The building process of the whole Crawlab project is a little bit trivial. The ultimate deliverable or the Docker image crawlabteam/crawlab depends on the main repository, which depends on the sub-projects of front-end, back-end, base images and plugins. They are come from their own repos, which again depend on upstream core-module repos. Here we have simplified the dependencies of front-end and back-end modules.

Front-End Building

We start with the front-end part.

The front-end repo crawlab-ui is distributed through NPM. Let's take a look at the CI/CD workflow.

name: Publish to NPM registry

on:
  pull_request:
    branches: [ main ]
  push:
    branches: [ main ]
  release:
    types: [ created ]

jobs:
  publish:
    runs-on: ubuntu-latest
    steps:
      - uses: actions/checkout@v2
      - uses: actions/setup-node@v2
        with:
          node-version: '12.22.7'
          registry-url: https://registry.npmjs.com/
      - name: Get version
        run: echo "TAG_VERSION=${GITHUB_REF#refs/*/}" >> $GITHUB_ENV
      - name: Install dependencies
        run: yarn install
      - name: Build
        run: yarn run build
        env:
          TAG_VERSION: ${{env.TAG_VERSION}}
      - if: ${{ github.event_name == 'release' }}
        name: Publish npm
        run: npm publish --registry ${REGISTRY}
        env:
          NODE_AUTH_TOKEN: ${{secrets.NPM_PUBLISH_TOKEN}}
          TAG_VERSION: ${{env.TAG_VERSION}}
          REGISTRY: https://registry.npmjs.com/
Enter fullscreen mode Exit fullscreen mode

There are some important parts:

  1. Set up Node.js environment uses: actions/setup-node@v2 and its version node-version: '12.22.7'
  2. Install dependencies run: yarn install
  3. Build the package yarn run build
  4. Publish the package to NPM registry npm publish --registry ${REGISTRY}

The token for publishing NPM package is ${{secrets.NPM_PUBLISH_TOKEN}}, which is a GitHub secret configured by the repo owner, and private to the public for security reasons.

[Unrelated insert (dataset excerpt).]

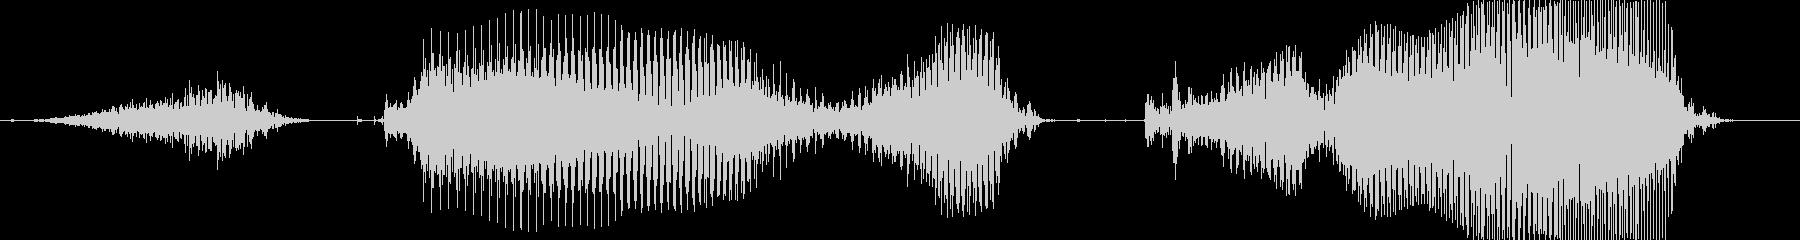 ステージクリア!の未再生の波形

After the workflow is set up, a GitHub Actions workflow job will be automatically triggered once any code commit is push to crawlab-ui.

image-20221021113449174

We barely need to take care of anything for NPM package publishing, because it is fully automated. Awesome!

Base Image Building

Let's see another special workflow: base image building. The GitHub repo is docker-base-images.

As the new published base image needs to be integrated into the final Docker image, we need to re-trigger a workflow job in crawlab once it is built. Let's see how this workflow is configured.

name: Docker crawlab-base

on:
  push:
    branches: [ main ]
  release:
    types: [ published ]
  workflow_dispatch:
  repository_dispatch:
    types: [ crawlab-base ]

env:
  IMAGE_PATH: crawlab-base
  IMAGE_NAME: crawlabteam/crawlab-base

jobs:

  build:
    name: Build Image
    runs-on: ubuntu-latest
    steps:
      - uses: actions/checkout@v2

      - name: Get changed files
        id: changed-files
        uses: tj-actions/changed-files@v18.7

      - name: Check matched
        run: |
          # check changed files
          for file in ${{ steps.changed-files.outputs.all_changed_files }}; do
            if [[ $file =~ ^\.github/workflows/.* ]]; then
              echo "file ${file} is matched"
              echo "is_matched=1" >> $GITHUB_ENV
              exit 0
            fi
            if [[ $file =~ ^${IMAGE_PATH}/.* ]]; then
              echo "file ${file} is matched"
              echo "is_matched=1" >> $GITHUB_ENV
              exit 0
            fi
          done

          # force trigger
          if [[ ${{ inputs.forceTrigger }} == true ]]; then
              echo "is_matched=1" >> $GITHUB_ENV
              exit 0
          fi

      - name: Build image
        if: ${{ env.is_matched == '1' }}
        run: |
          cd $IMAGE_PATH
          docker build . --file Dockerfile --tag image

      - name: Log into registry
        if: ${{ env.is_matched == '1' }}
        run: echo ${{ secrets.DOCKER_PASSWORD}} | docker login -u ${{ secrets.DOCKER_USERNAME }} --password-stdin

      - name: Push image
        if: ${{ env.is_matched == '1' }}
        run: |
          IMAGE_ID=$IMAGE_NAME

          # Strip git ref prefix from version
          VERSION=$(echo "${{ github.ref }}" | sed -e 's,.*/\(.*\),\1,')

          # Strip "v" prefix from tag name
          [[ "${{ github.ref }}" == "refs/tags/"* ]] && VERSION=$(echo $VERSION | sed -e 's/^v//')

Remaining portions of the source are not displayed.